*Work order*:
Only one span of the listing below is wanted: the lines from the one with "conception de la" through the one with "300 ans de vieux", reproduced exactly, both ends kept.

*Records provided*:

-- Opening Marker --

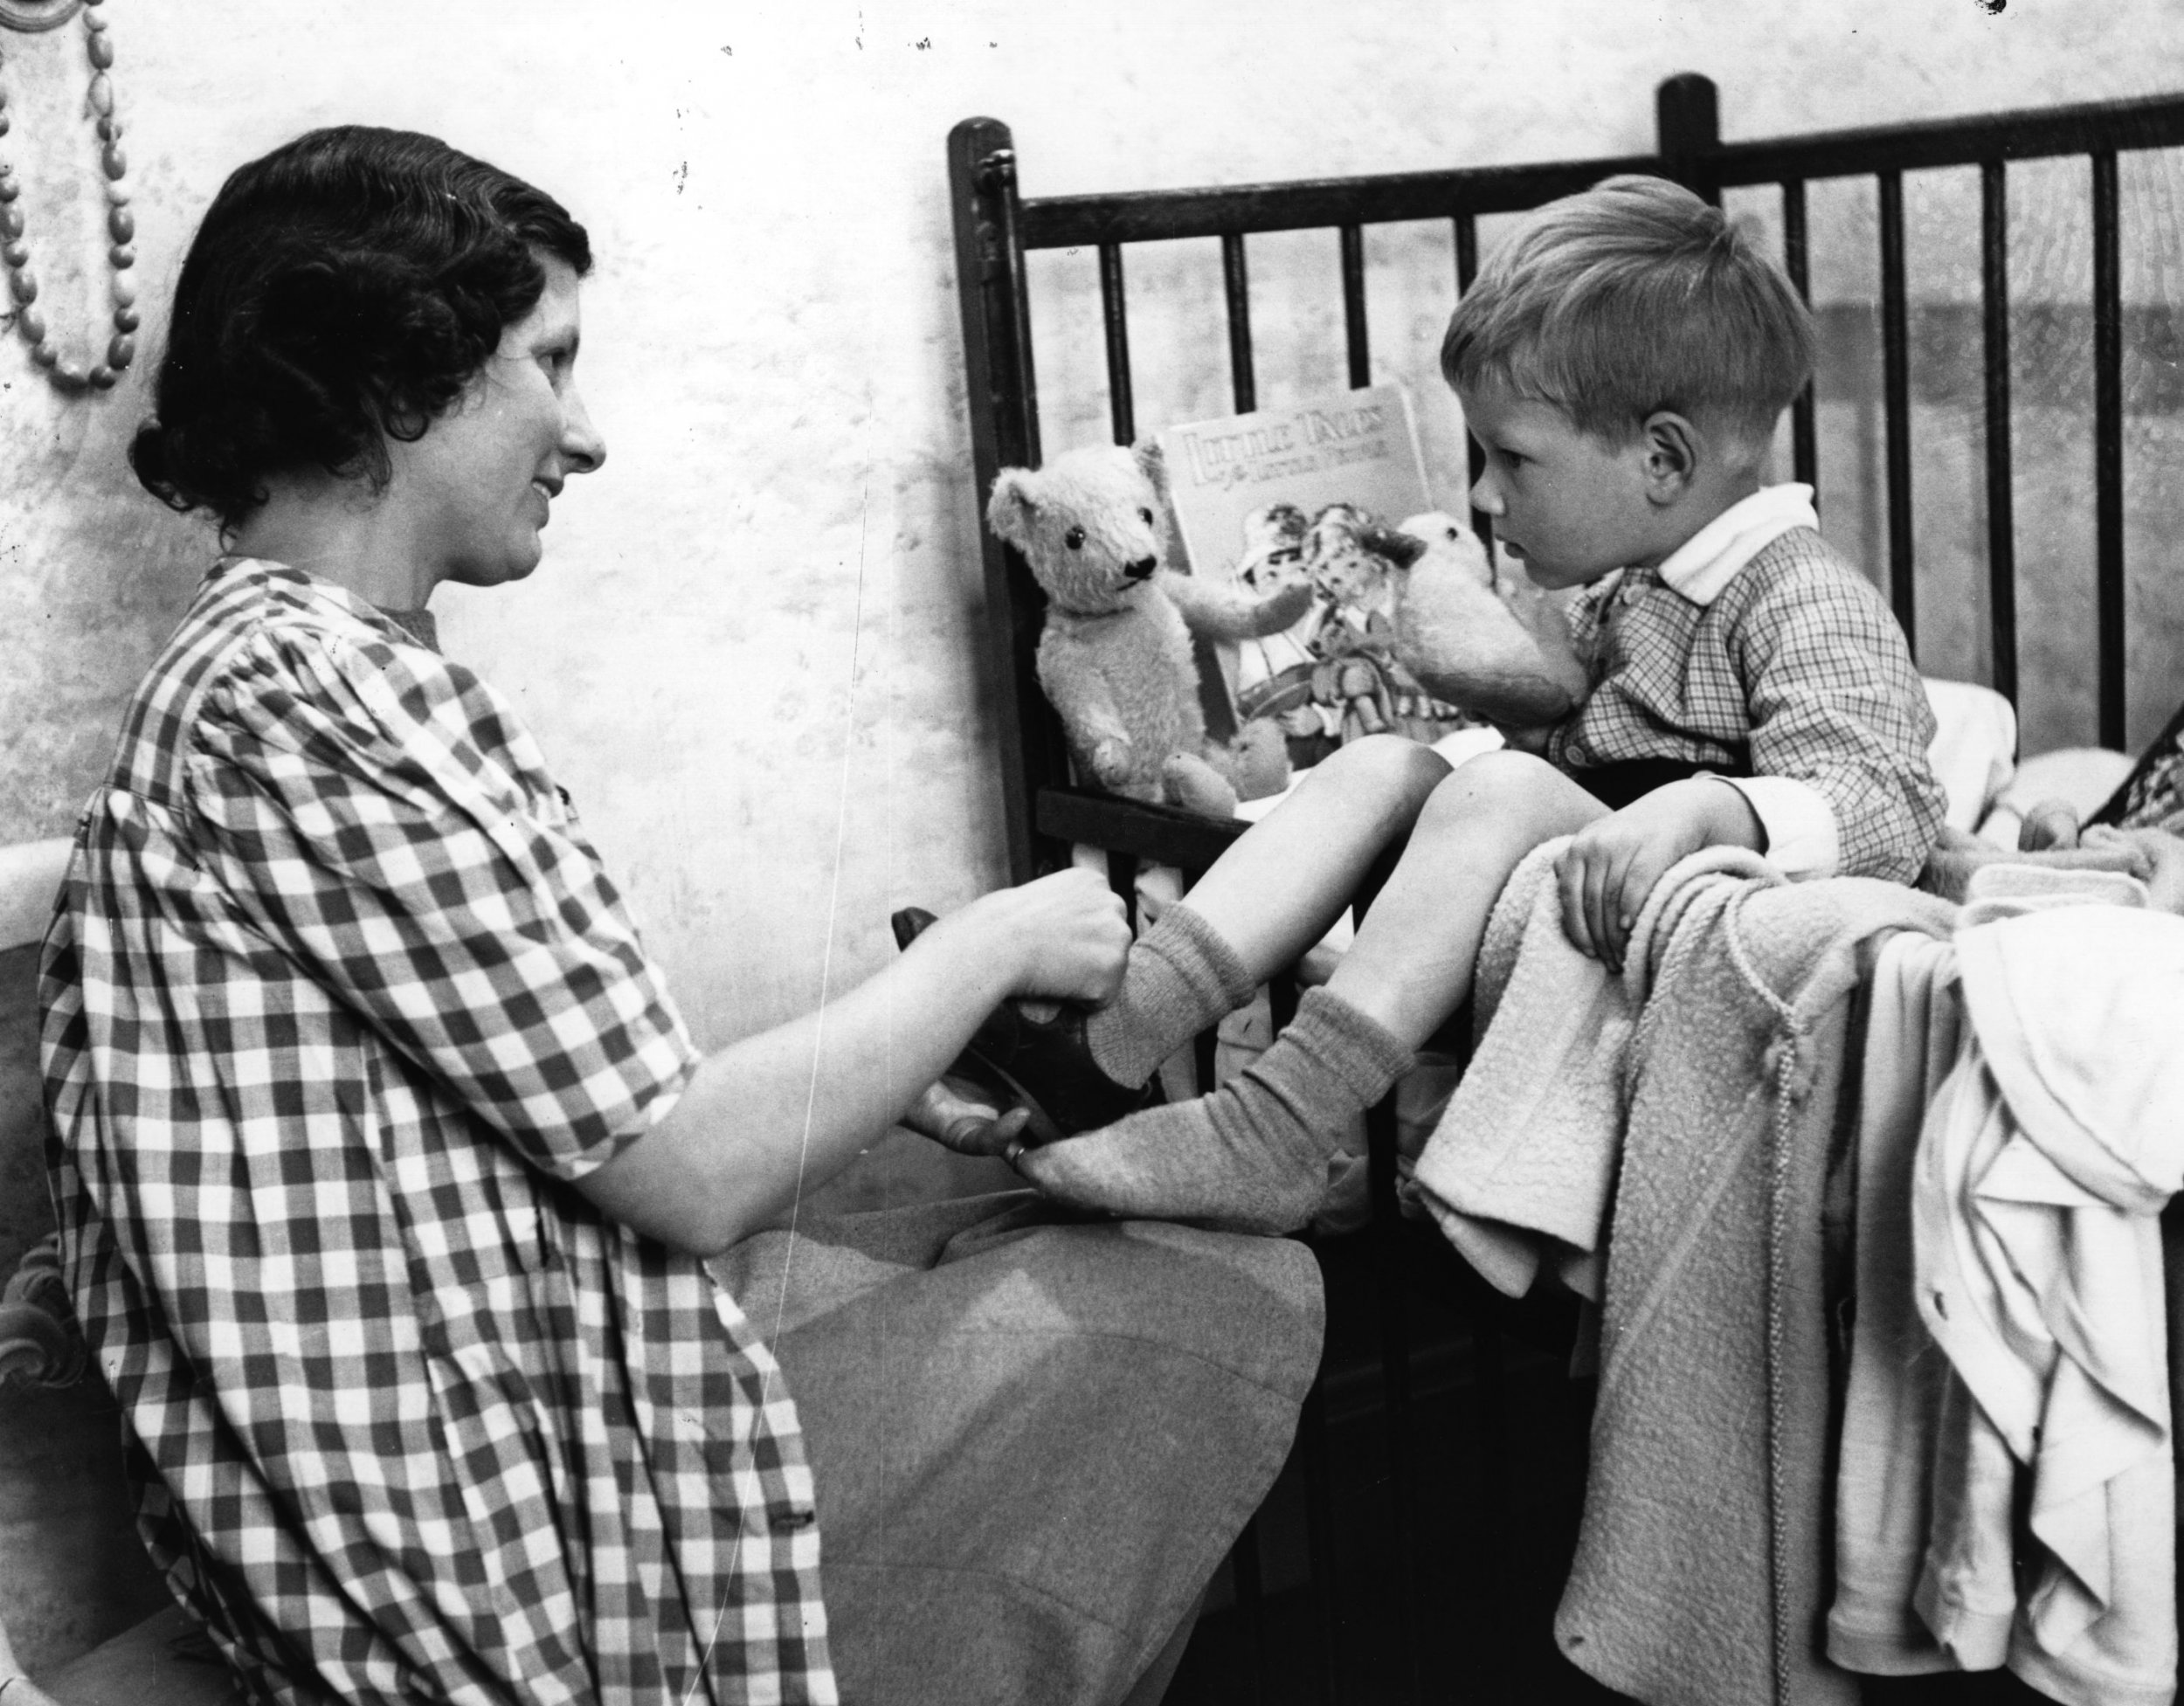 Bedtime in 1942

-- Closing Marker --
-- Opening Marker --

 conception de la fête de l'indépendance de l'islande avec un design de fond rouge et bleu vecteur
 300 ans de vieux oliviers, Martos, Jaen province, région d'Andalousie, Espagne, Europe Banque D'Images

-- Closing Marker --
-- Opening Marker --

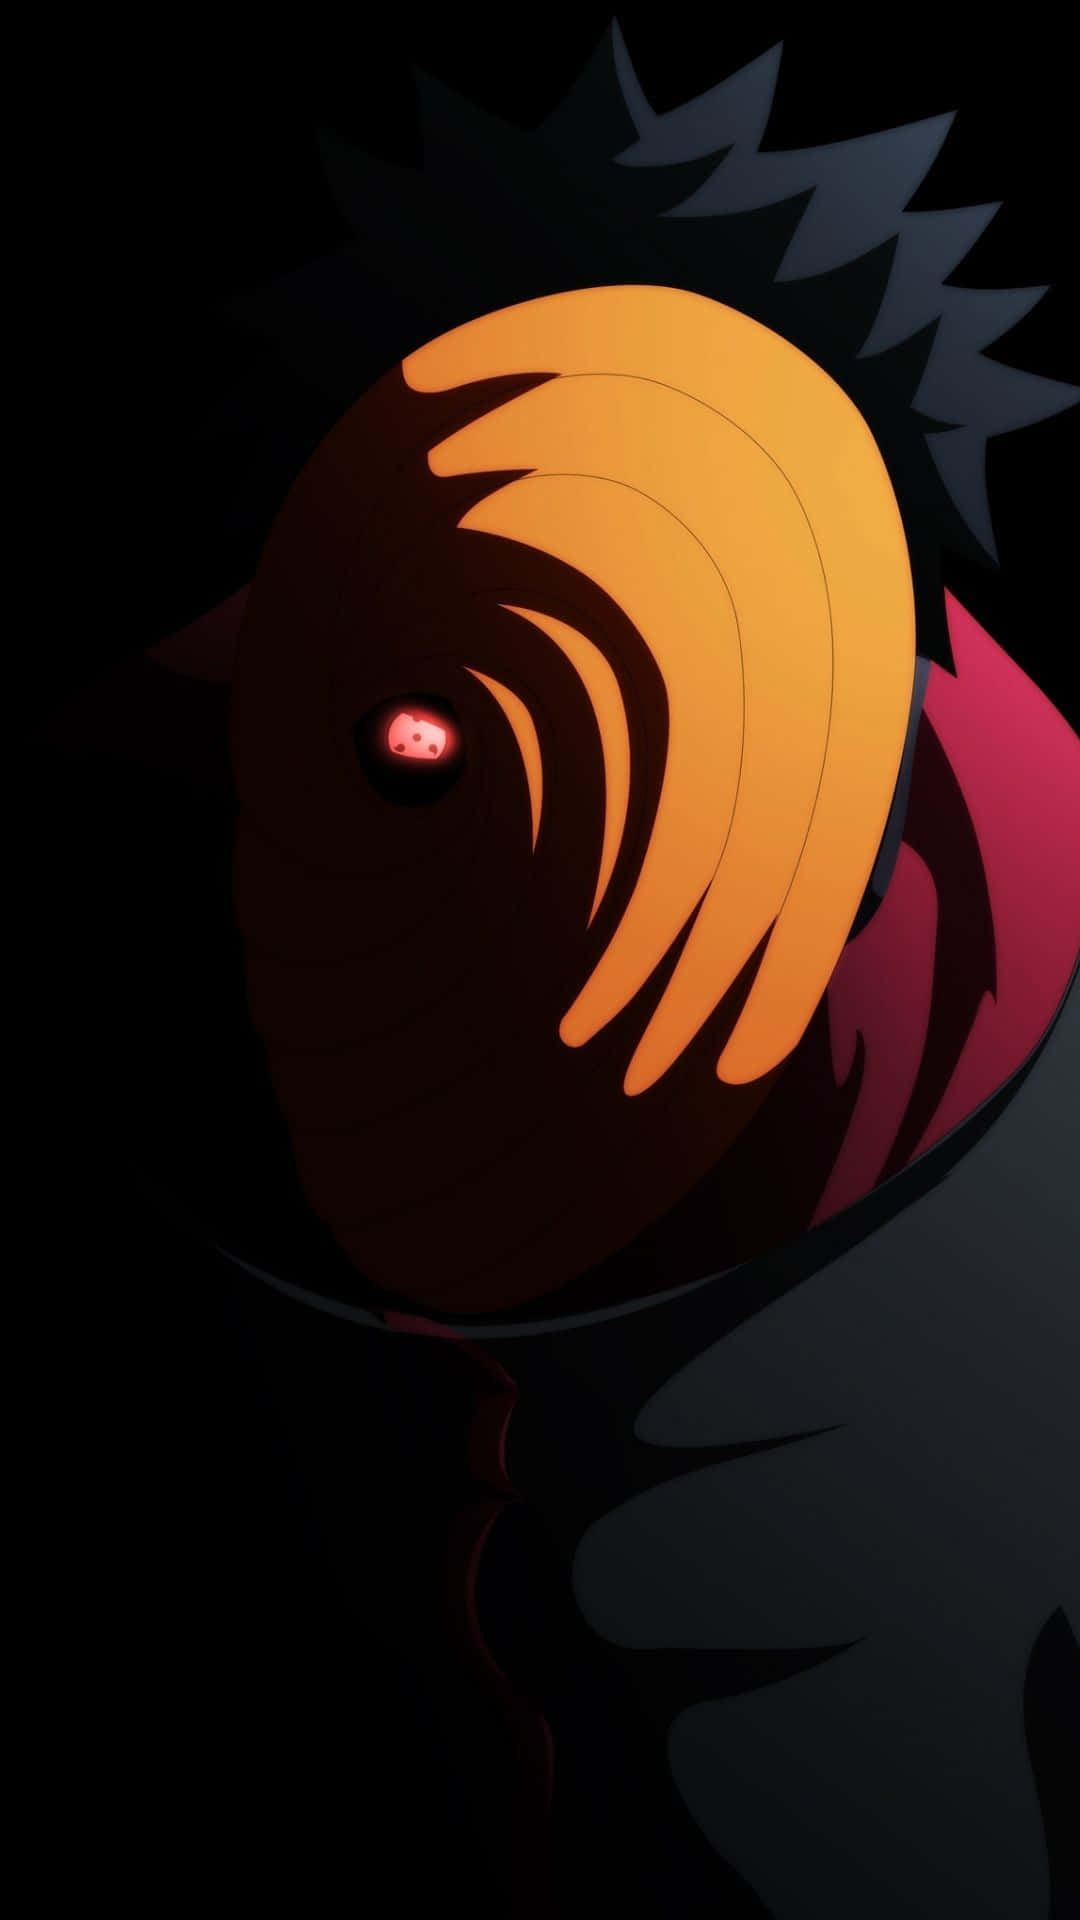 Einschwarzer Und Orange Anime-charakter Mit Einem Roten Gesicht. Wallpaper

-- Closing Marker --

*Result for this exercise*:
 conception de la fête de l'indépendance de l'islande avec un design de fond rouge et bleu vecteur
 300 ans de vieux oliviers, Martos, Jaen province, région d'Andalousie, Espagne, Europe Banque D'Images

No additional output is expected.